Potentially the contact prediction method EVfold^17,51 captures contacts with high SR scores and ignores those carrying little information. However, we do not observe a significant association with the SR score. Yet, a slight increase in SR can be observed, when two positions are evolutionarily coupled. A selection of the 0.4L top-scoring contacts (L refers to the sequence length) results in a more substantial, though still insignificant, change in SR. Many predicted couplings are not actually present in the native contact map due to the strict distance cutoff. Also, potential false positive predictions by the direct coupling analysis are not evaluated, which can be expected to have a negative effect on reconstruction quality²².

All previous results consider the SR scores of individual contacts. Properties of individual residues can be analyzed with the same reasoning (Table 2) by summing up the SR scores of all the contacts they participate in. Residues in loop regions have significantly lower SR than those in α-helices and β-strands.
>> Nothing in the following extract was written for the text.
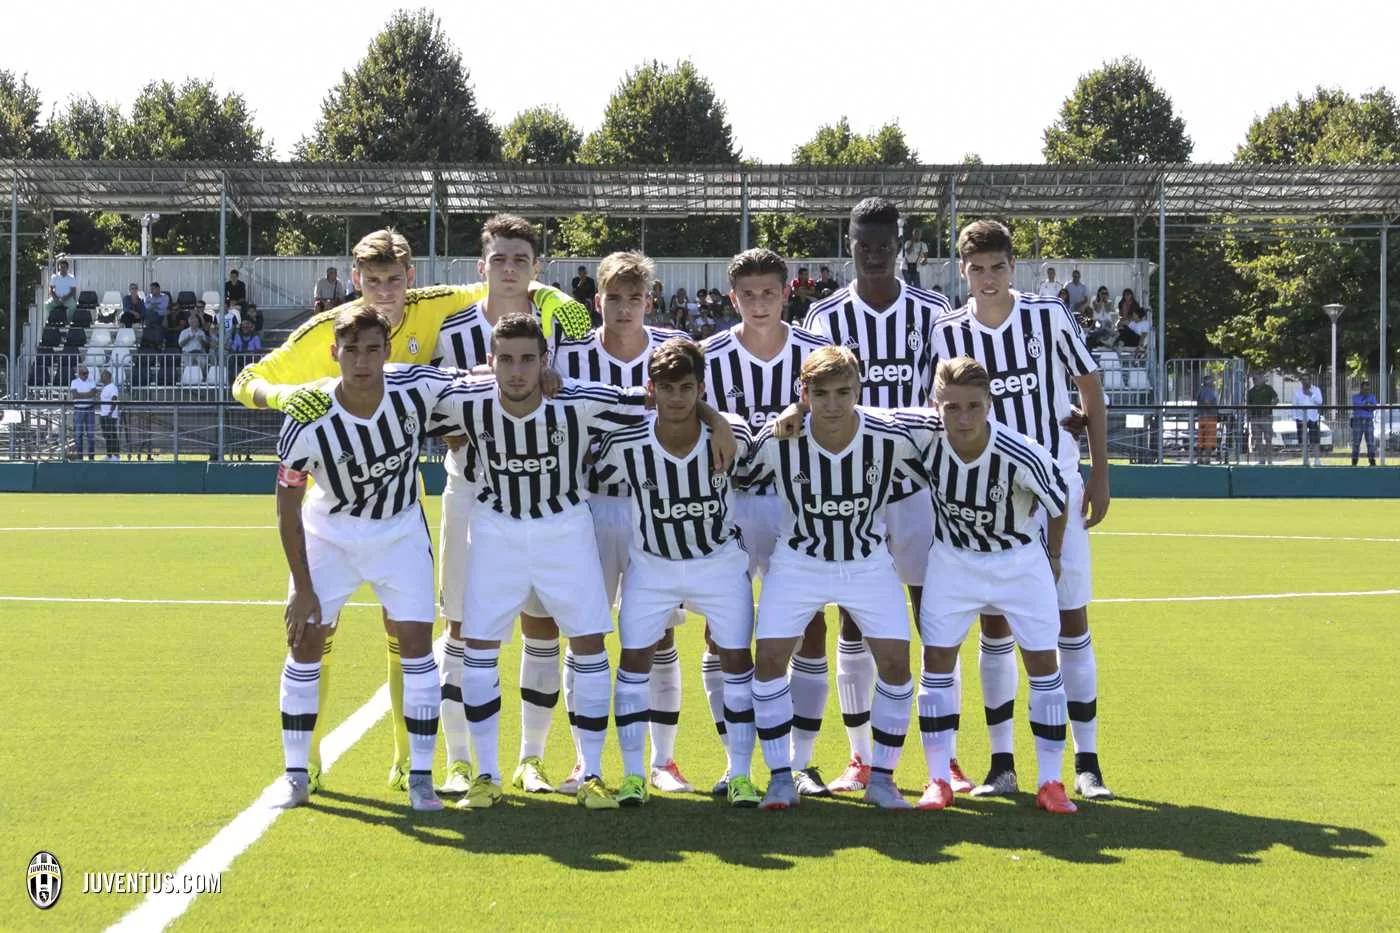 GALLERY – I 5 ragazzi più promettenti dell’Under 17 della Juventus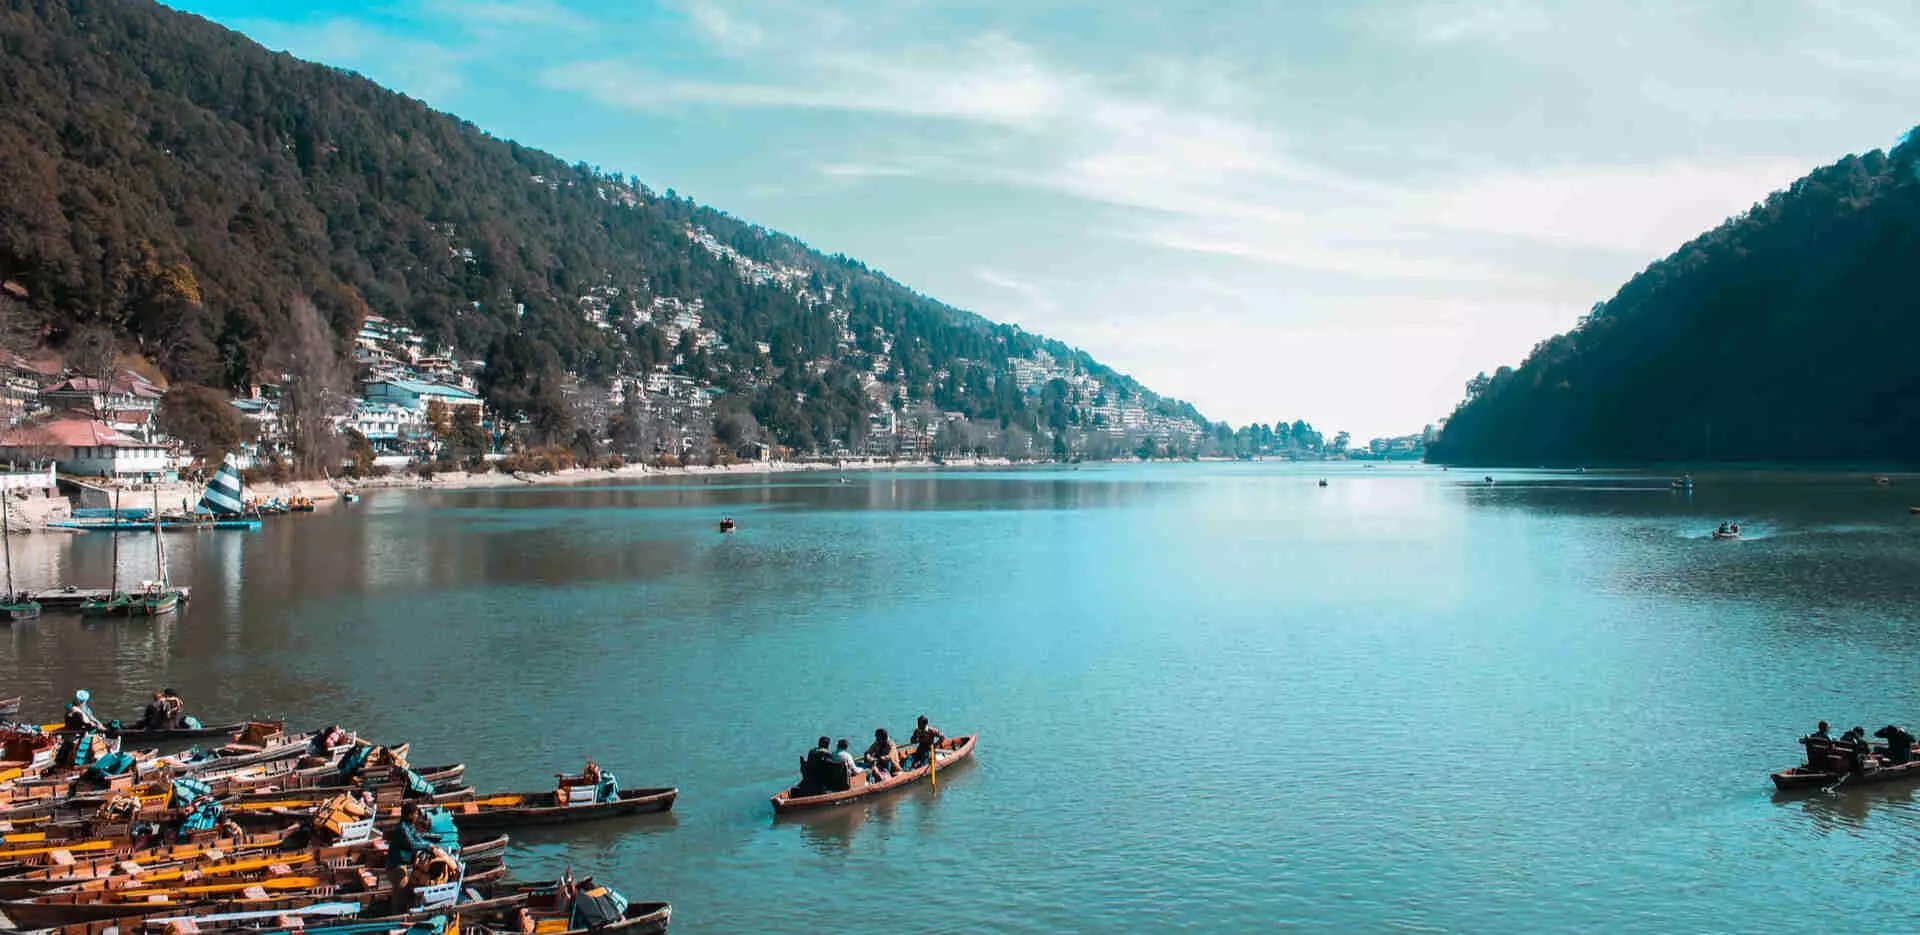 Nainital: इस साल बारिश की कमी के कारण पर्यटक भी नौकायन के लिए ज्यादा रुचि नहीं दिखा रहे

For secondary structure elements, backbone angles and hydrogen bonding patterns are used as additional constraints during reconstruction²¹ which may explain an overall performance increase. The previous association of hydrophobic interactions and SR score may be explained by a bias for buried residues; however, no significant association is observed at residue level. The annotation of EFR does not influence SR scores significantly, while the opposite is true for HSR (see below). Functional residues may not be of high SR, because binding sites tend to be exposed to the solvent and commonly have unfavorable conformations⁵². Residues for which evolutionary couplings are predicted by EVfold^17,51 do not exhibit increased SR. This is probably because couplings are distributed uniformly and at least one coupling is present for most residues. However, filtering for the 0.4L top-scoring positions (i.e. regarding their cumulative coupling strength) does not lead to a significant change either.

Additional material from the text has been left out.